Nun Sieg Nummer drei her, eine leichte Aufgabe wird dieser Kampf aber nicht, obwohl er mit Blachowicz hier gegen einen UFC-Debütanten antreten wird. Der 31-Jährige war Titelträger und mehrfacher Turniersieger der polnischen Premium-Organisation KSW und hat in seinen letzten vier Kämpfen vier UFC-Veteranen ausgeschaltet: Gegen Rameau Thierry Sokoudjou gewann er zunächst den KSW-Halbschwergwichtsgürtel, bevor er ihn gegen Mario Miranda, Houston Alexander und zuletzt Goran Reljic drei Mal verteidigte. Der Sieg gegen Reljic ist mittlerweile allerdings eineinhalb Jahre her und seitdem hat Blachowicz verletzungsbedingt nicht mehr im Käfig gestanden – am Tag seines letzten Kampfes hat Georges St-Pierre seinen Weltergewichtstitel gegen Nick Diaz verteidigt und Anderson Silva schien auf absehbare Zeit der dominanteste Mittelgewichtschampion in der Geschichte der UFC zu bleiben. Nun ist es für Blachowicz also an der Zeit, seine eigene Geschichte weiterzuschreiben.
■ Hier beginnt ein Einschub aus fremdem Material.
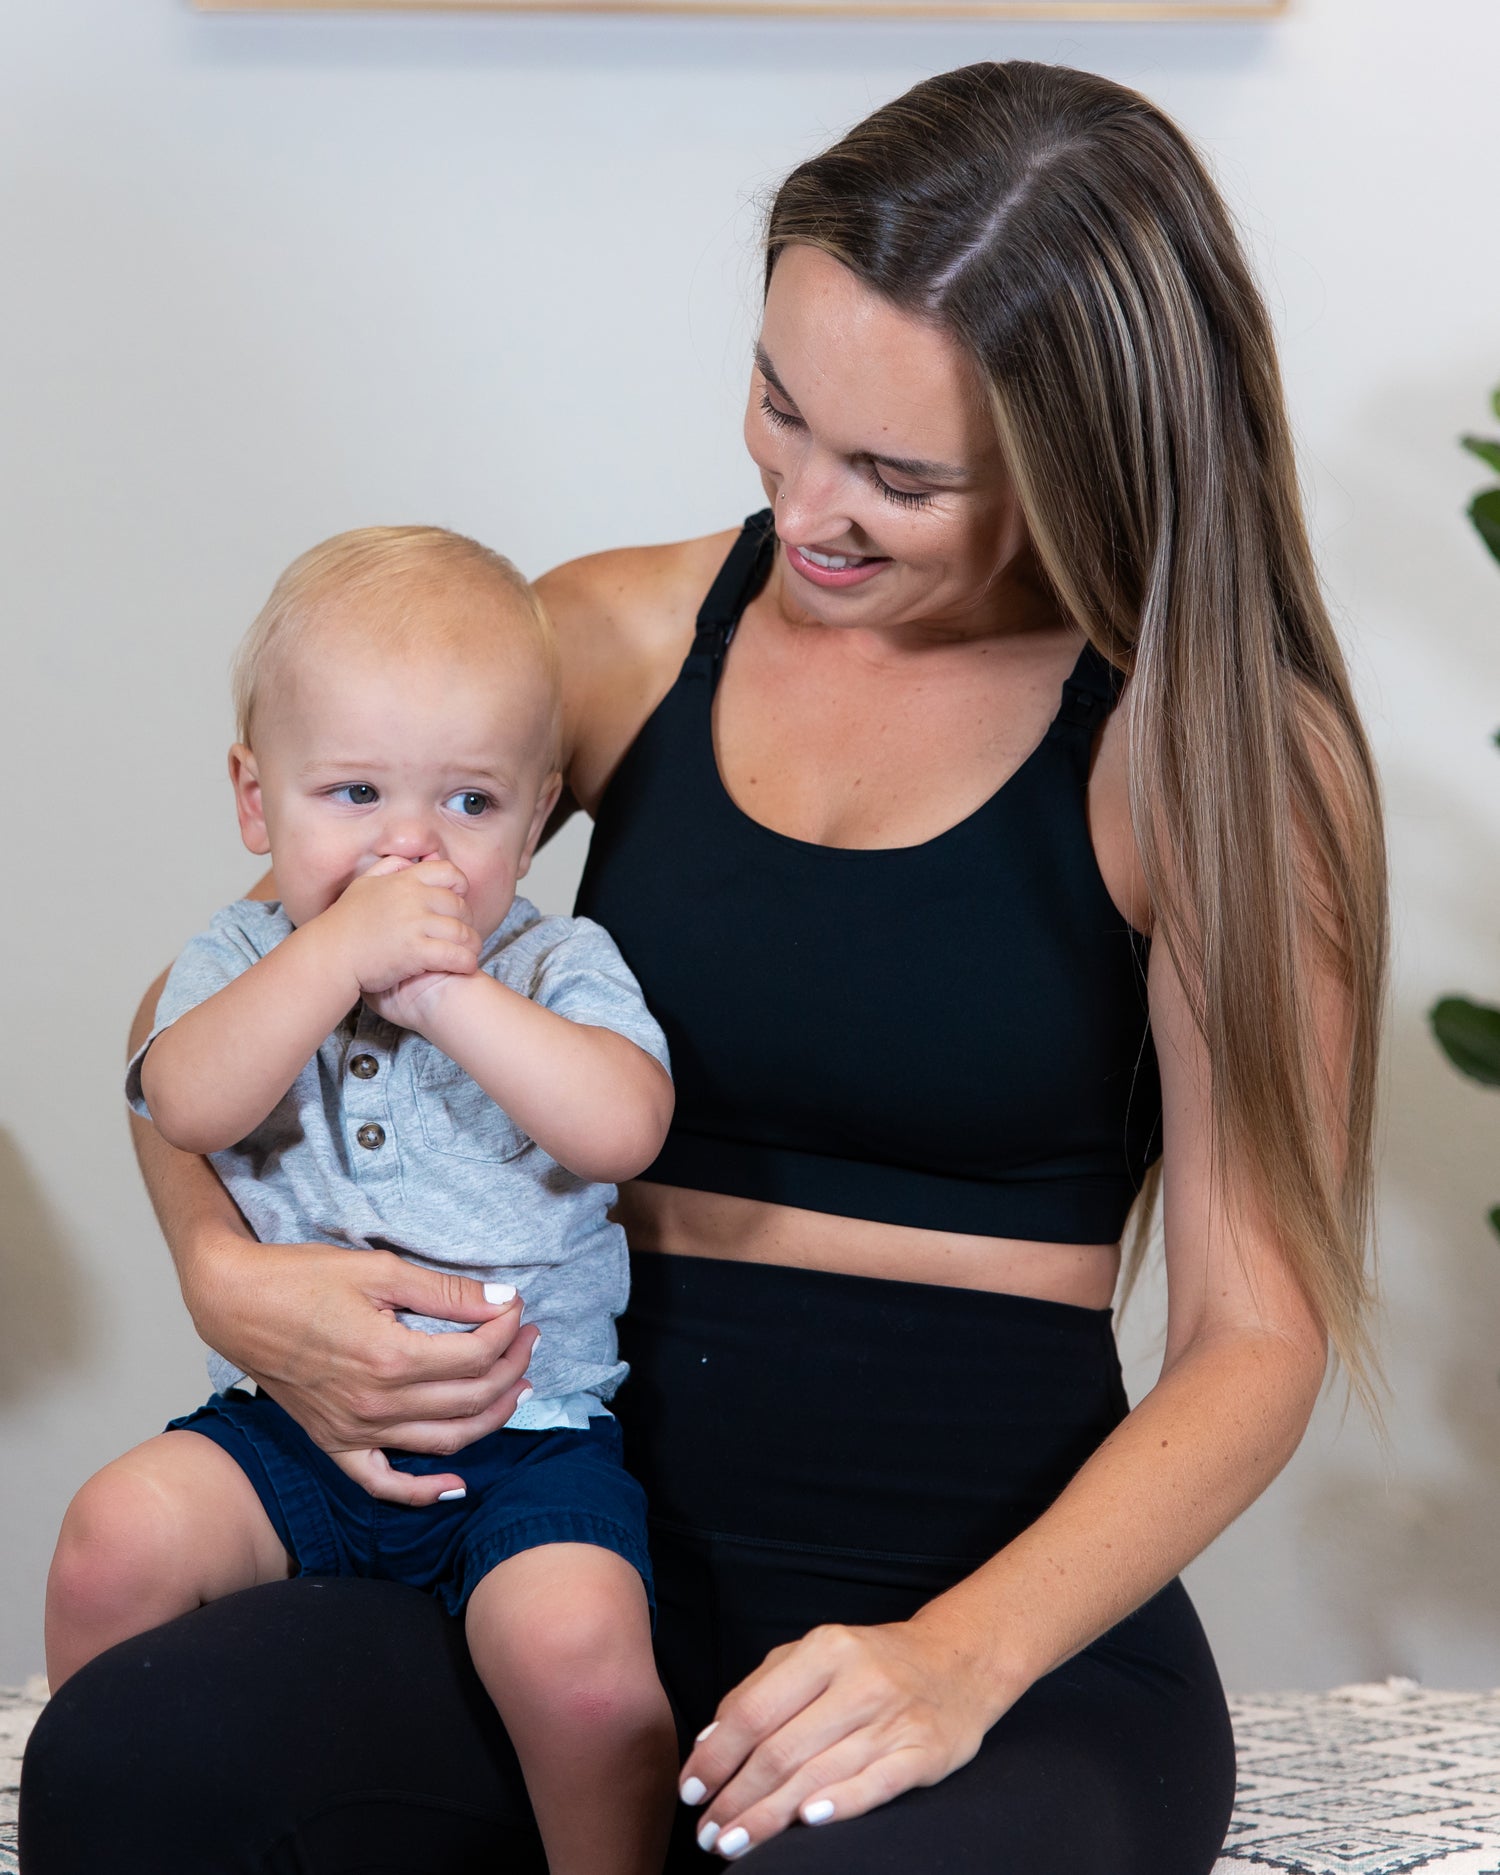 Nursing bras: Comfort and style for new moms

Niklas Bäckström vs. Mike Wilkinson
Eröffnet wird das Hauptprogramm von einem Kampf im Federgewicht. Mit Niklas Bäckström (8-0-0(1)) wird dabei eines der interessantesten jungen Talente der Federgewichtsklasse vor heimischem Publikum seinen zweiten UFC-Kampf bestreiten. Nach sieben Siegen in der europäischen Szene, zuletzt einem 15-Sekunden-Knockout gegen den Frankfurter Max Coga, sprang Bäckström im Mai mit nur wenigen Wochen Vorbereitungszeit für den verletzten Thiago Tavares gegen den Finnen Tom Niinimäki ein. Lediglich knapp vier Minuten brauchte der Debütant an jenem Abend in Berlin, um seinen favorisierten Gegner mit dessen eigenen Waffen zu schlagen und ihn per Headlock zur Aufgabe zu zwingen.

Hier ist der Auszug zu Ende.